▶ Problem to work on
Produce as output only the lines below starting at the line with "FantaCo's Chronicles (1982)" and continuing through the line with "S&P 500 Movers for Wednesday (12/22)", each one exactly as written.

▶ Recorded data

[Start of Attachment]

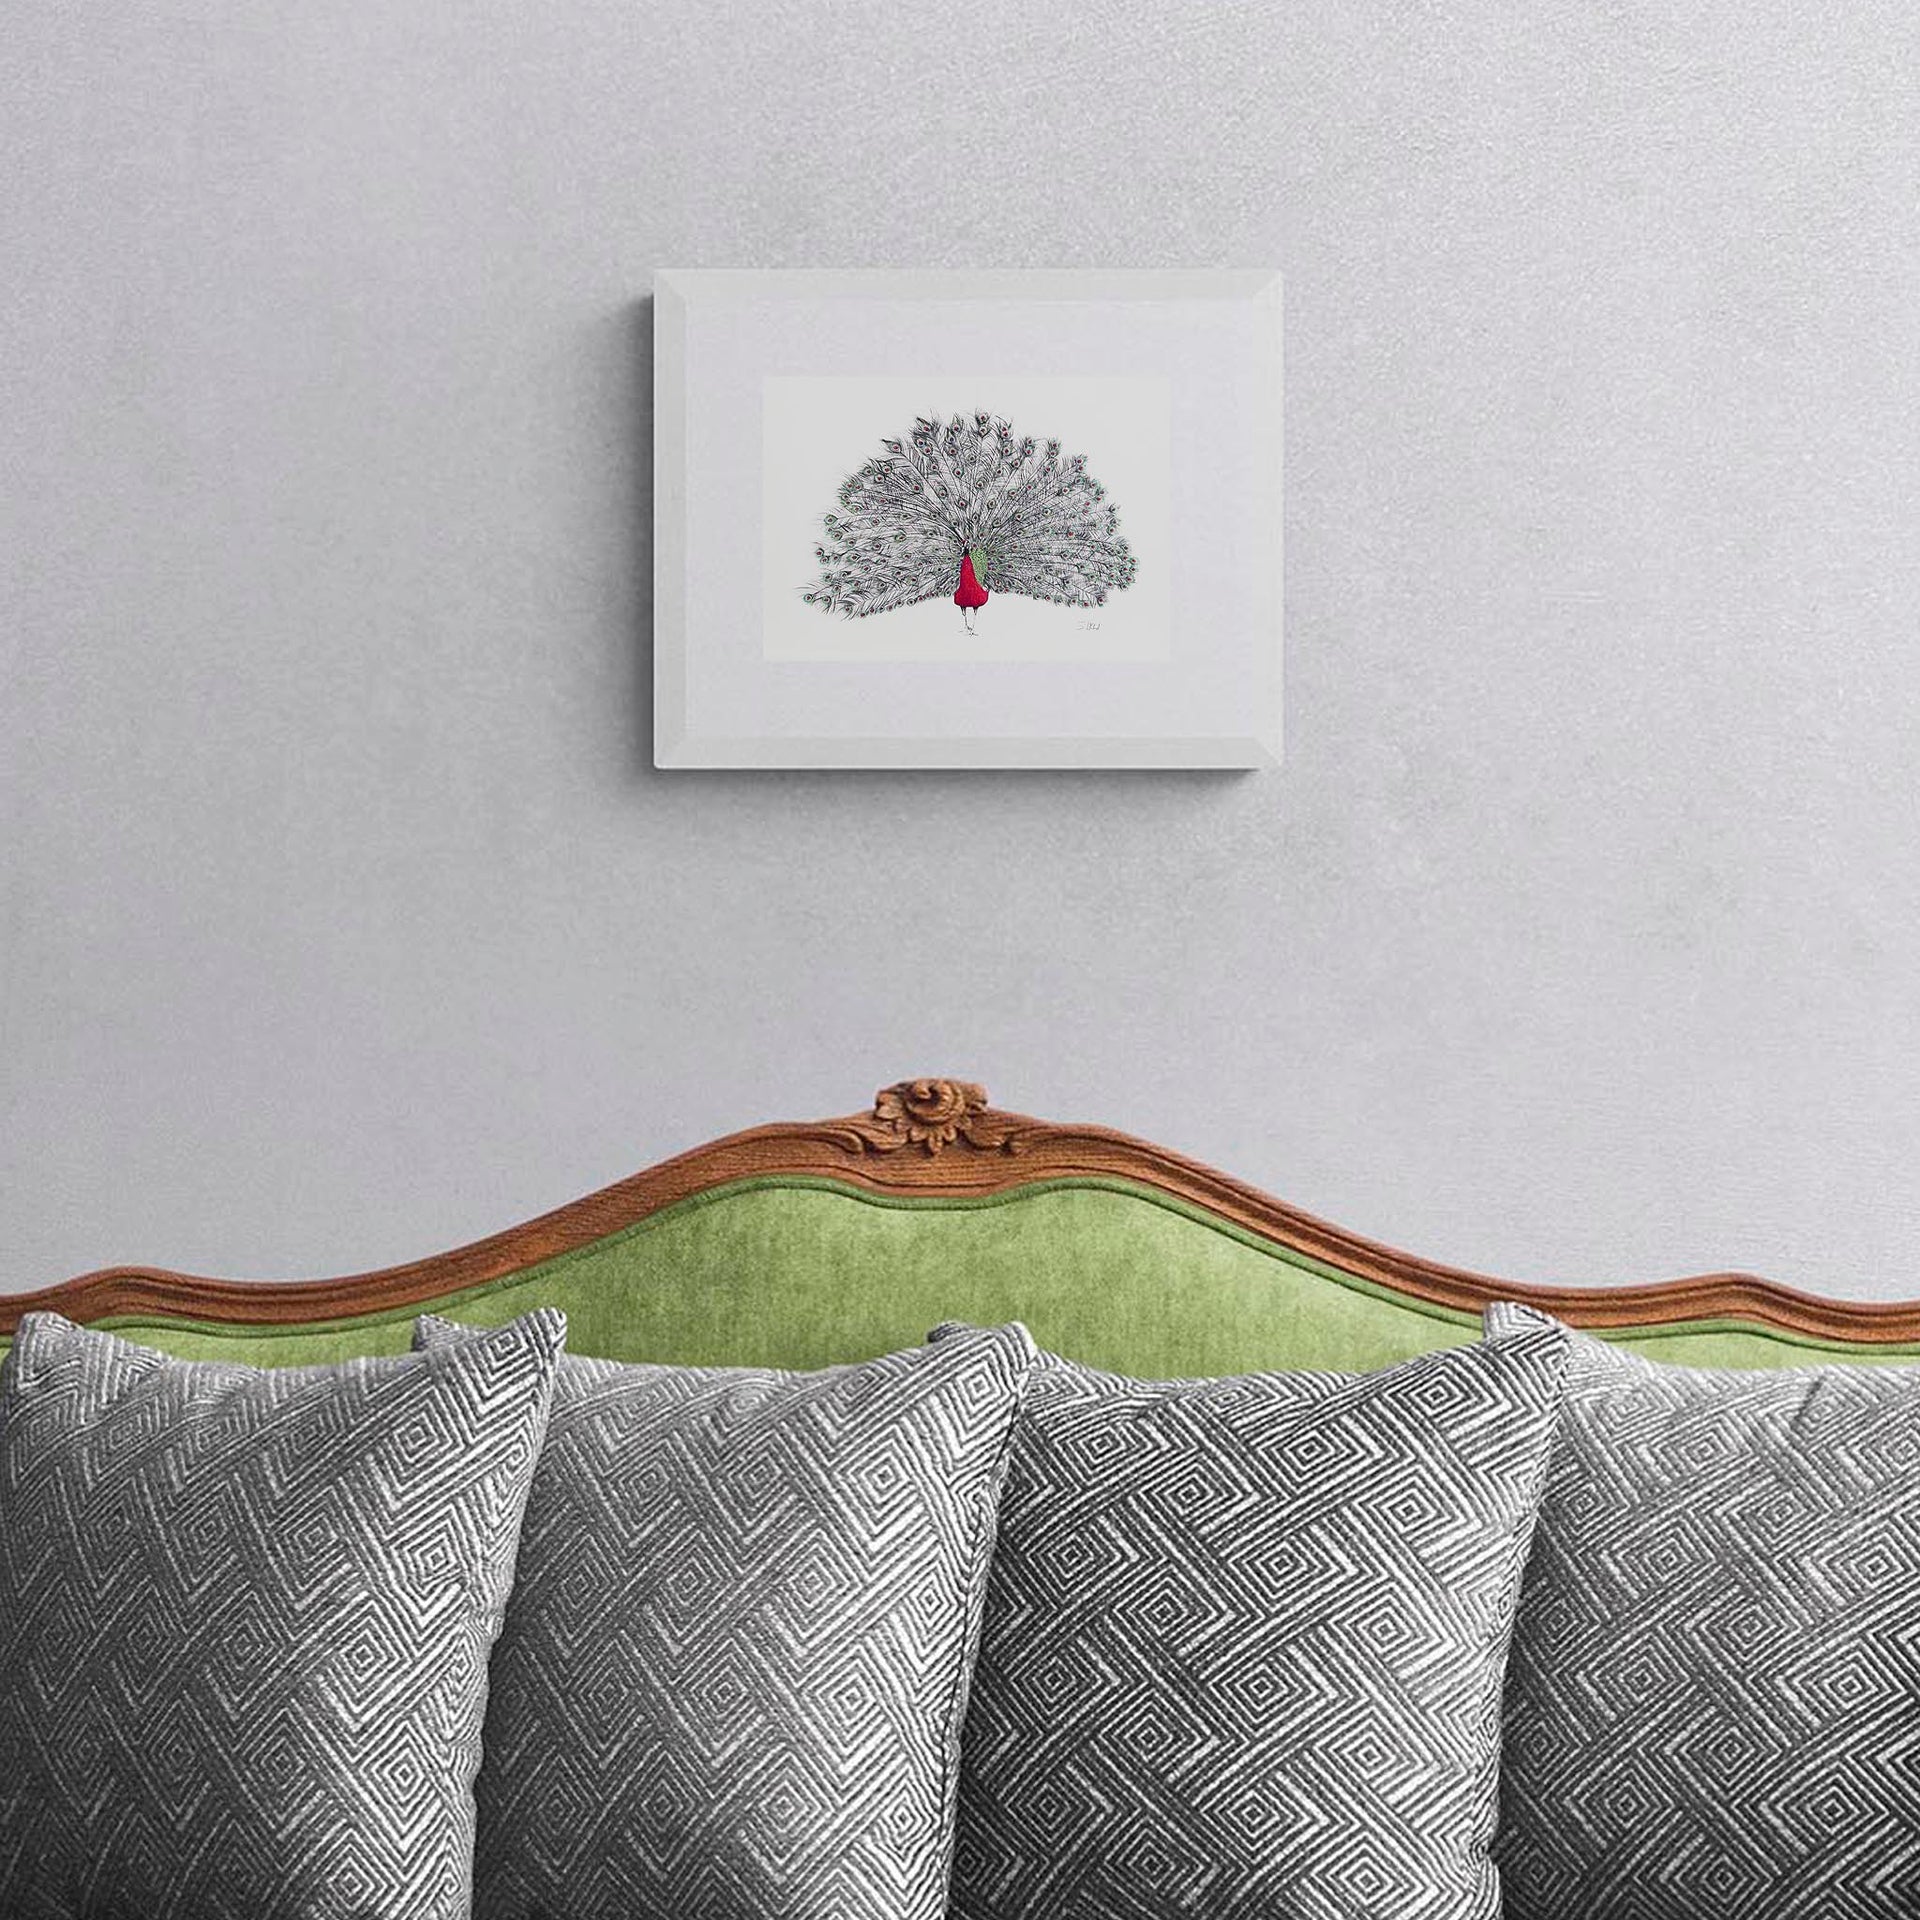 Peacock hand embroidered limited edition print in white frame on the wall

[End of Attachment]
[Start of Attachment]

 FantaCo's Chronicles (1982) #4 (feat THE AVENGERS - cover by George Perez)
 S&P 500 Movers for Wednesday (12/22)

[End of Attachment]

▶ Written response
 FantaCo's Chronicles (1982) #4 (feat THE AVENGERS - cover by George Perez)
 S&P 500 Movers for Wednesday (12/22)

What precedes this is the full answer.